Blood Magic
Had it only been four days since I sat on the porch with his shoulder against mine, looking up at the constellations? Oh, God, it hurt. It was impossible that he was gone. Not him, too.
I began to hear the wind through the trees and singing crickets.
Sweat cooled on my forehead.
But my breath did not calm, or my blood stop racing. It built harder and faster, until I wanted to explode the way Reese had in July, after Mom and Dad died, when he’d punched a hole through the bedroom wall. My fists ached to do the same.
“Reese,” I whispered. Then again, louder: “Reese.”
Why had he left me?
“Reese!” I screamed.
Silence.
To my children: Silla Reese
I pray with all the strength in me that you never have to read this. That I will defeat her today, and by tonight will have joined you and your mother for a late dinner in Kansas City.

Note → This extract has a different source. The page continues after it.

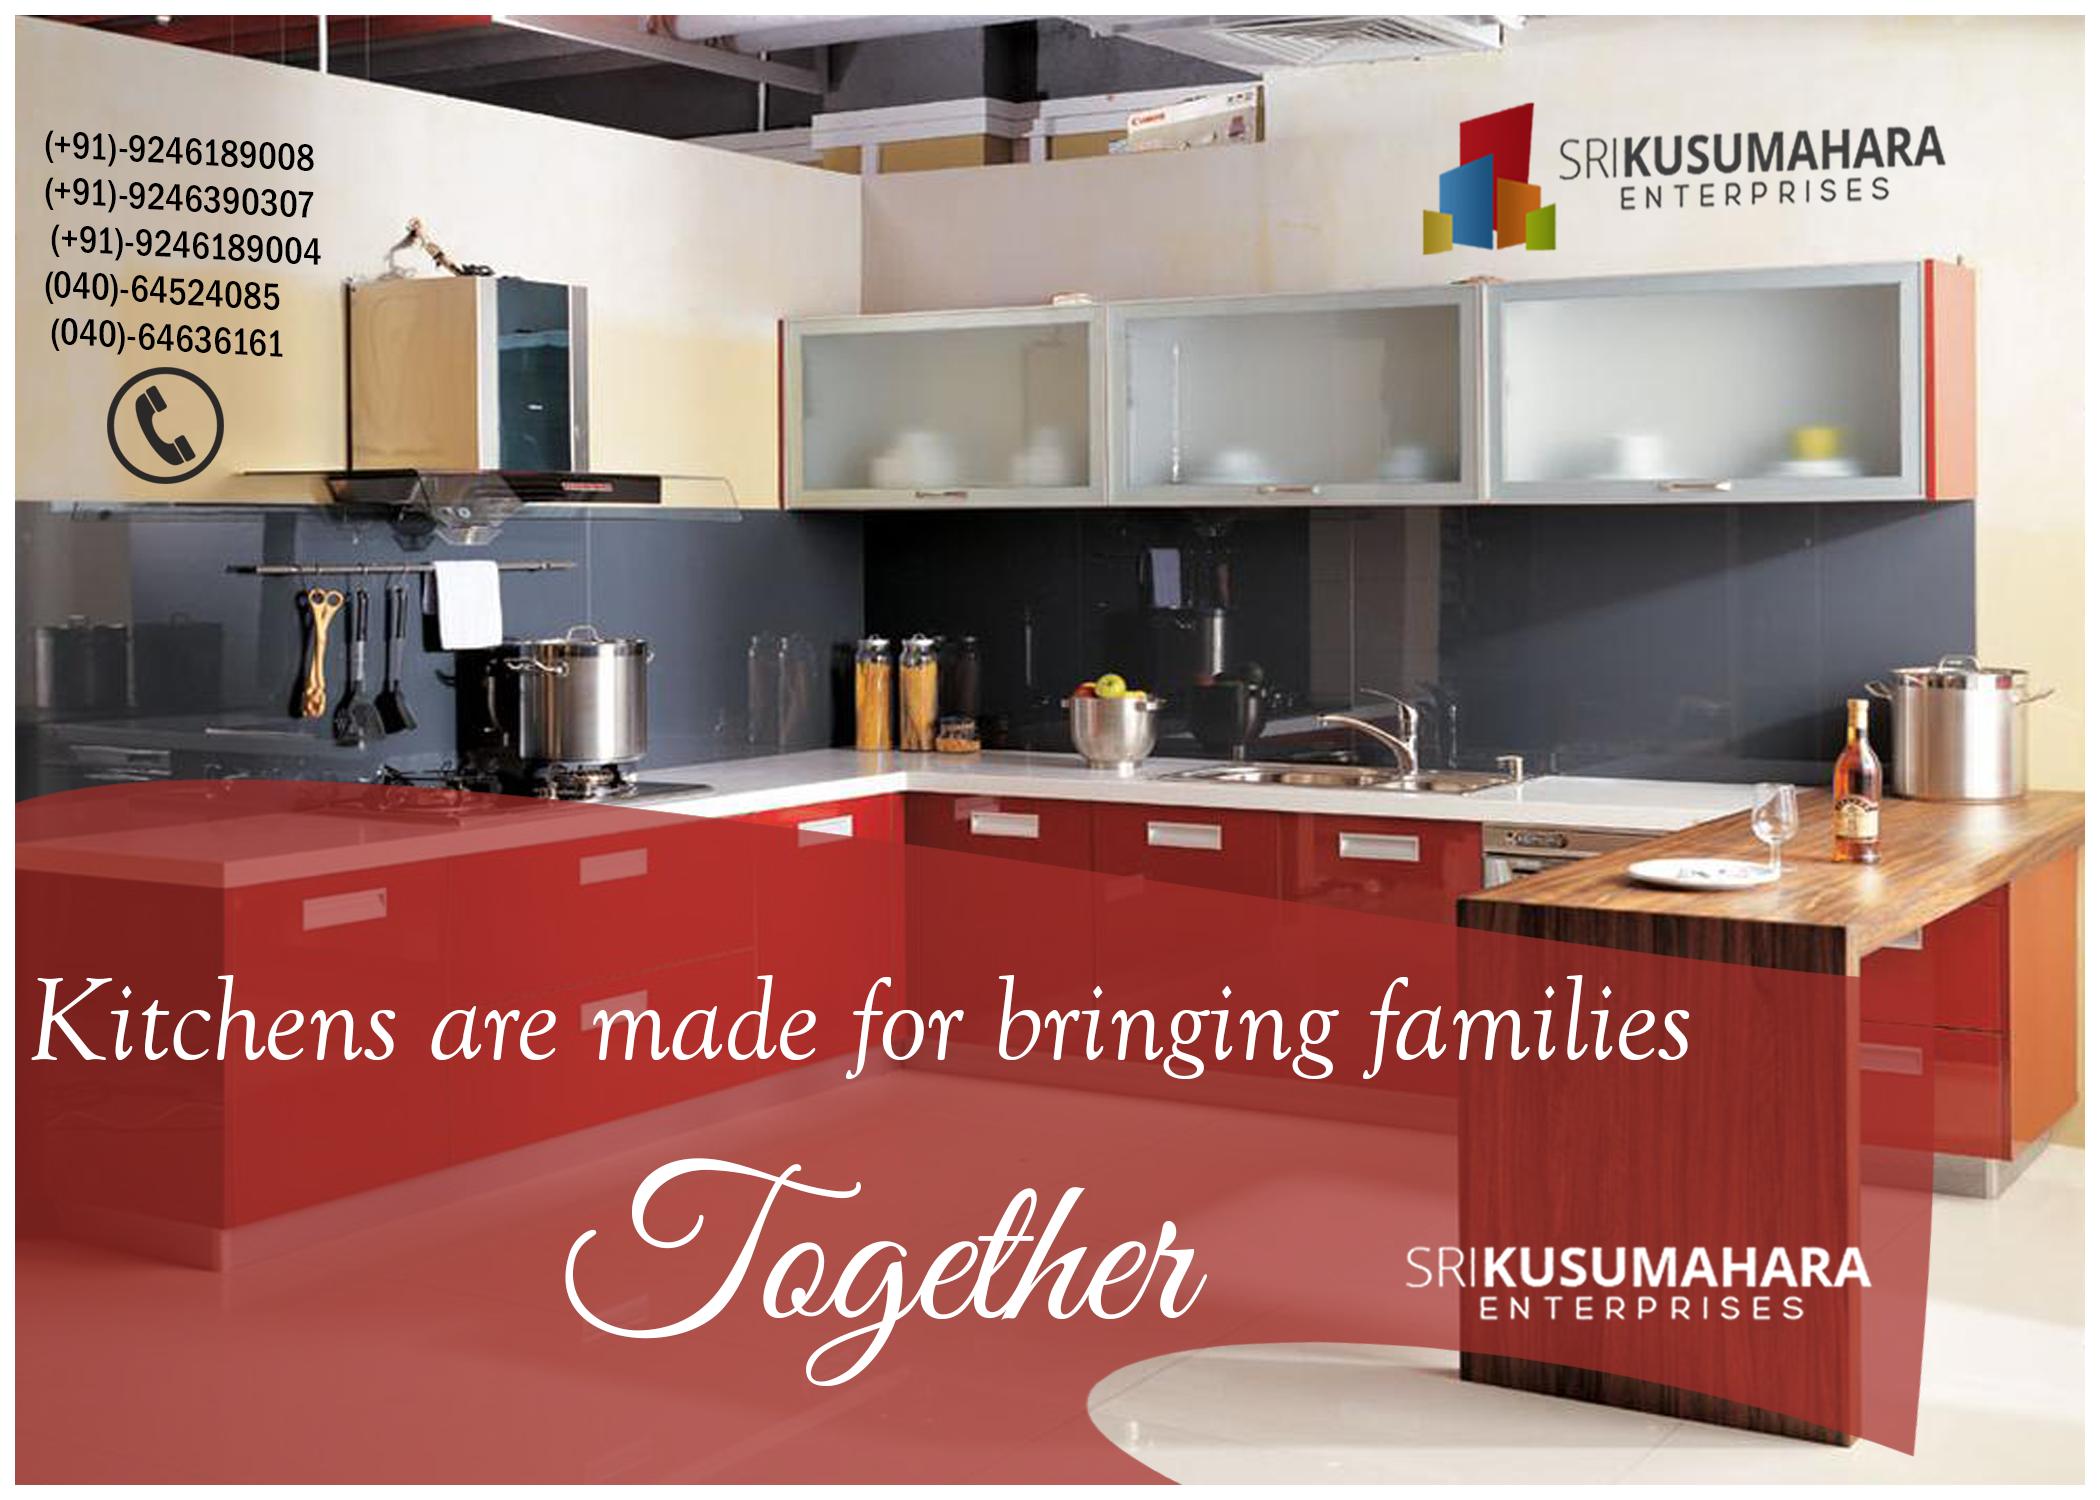 Srikusumahara kitchens are made for bringing families together

Together we will go apartment hunting for Reese, and everything will be as it should be. As it was supposed to be.
Though that, I realize, is something I destroyed long ago: should be, supposed to be. When I made the decision I did, to take this body from the soul who rightfully possessed it.
Here is my confession:
I am not your father.
I was born in 1803 outside Boston, Massachusetts, named Philip by my mother and Osborn by my friend the Deacon. I am a doctor and healer and magician, and because of her, a murderer.
I had to escape her, my loves. I had to be free of Josephine.
This confession is muddled, is it not? Reese should be asking for details, and Silla for meaning. Oh, my children.
I stole this diary when I pretended to die, when I burned our house in Boston, and it is fitting that here, now, in what may be my final hours in this world, I should use it to confess to my children.
NICHOLAS
At ten the morning after, my cell rang. I was wound so tight I almost fell off my bed.
Her name blinked on the screen. And I hesitated. I didn’t know what to say.
I thought of the sheriff and Judy finding us in the middle of the cemetery, my arms around Silla, but not to comfort her, to pin her there, to keep her back from Reese. Her staring, comatose eyes. I thought of Reese’s body, his blood everywhere and making me gag. His eyes half-open, his mouth slack.
I didn’t know what to say to Silla, but I had to say something. So I flipped open the phone and walked to the window. “Hey.”
“Hi.” Her voice was soft, barely there.
Silence fell between us, and I pressed my bandaged hand to the cold glass. Under the bandage, stitches held together the gash I’d made on the cemetery wall. It throbbed, and the cold helped. I stared out past my fingers.
The woods looked so normal in the morning light. Not like the place the sheriff had tracked Josephine’s blood trail to, not like the place they’d lost her. They’d searched Ms. Tripp’s house and found several fake IDs—and not the kind you use to sneak into a club when you’re sixteen. They were birth certificates and driver’s licenses with her picture but different names. So they put out a statewide APB or whatever. Sheriff Todd didn’t want to think she was coming back but had promised my dad there’d be regular deputies driving by our place and Silla’s. Bullshit. They wanted her to be gone.
I looked past the forest to the cemetery.
It hadn’t been hard for me and Gram Judy to convince everybody Ms. Tripp had been obsessed with the old stories, that it had made her crazy. If they suspected we’d done magic, too, they weren’t saying anything to me about it. Maybe because everybody knew the rumors but nobody wanted to open a real investigation, real death, up to that kind of speculation. They were happier thinking Tripp had been behind it all. I noticed everybody around here liked to keep things working the way they wanted them to work. They didn’t ask questions that might have knocked our delicately constructed story to the ground.
Except Dad and Lilith. I could feel them wondering. Right now they were downstairs, working together. They’d been remarkably quiet, both of them, all morning, mostly leaving me alone. Dad hadn’t left for his usual four-day business trip, but hadn’t pushed any kind of father-son bonding on me, either. Or said he told me so. It was like he was saying instead, Son, I’m here if you need me. I hadn’t managed to find a way to let him know I knew what he was doing, and appreciated it, even if I didn’t really want to talk to him at all.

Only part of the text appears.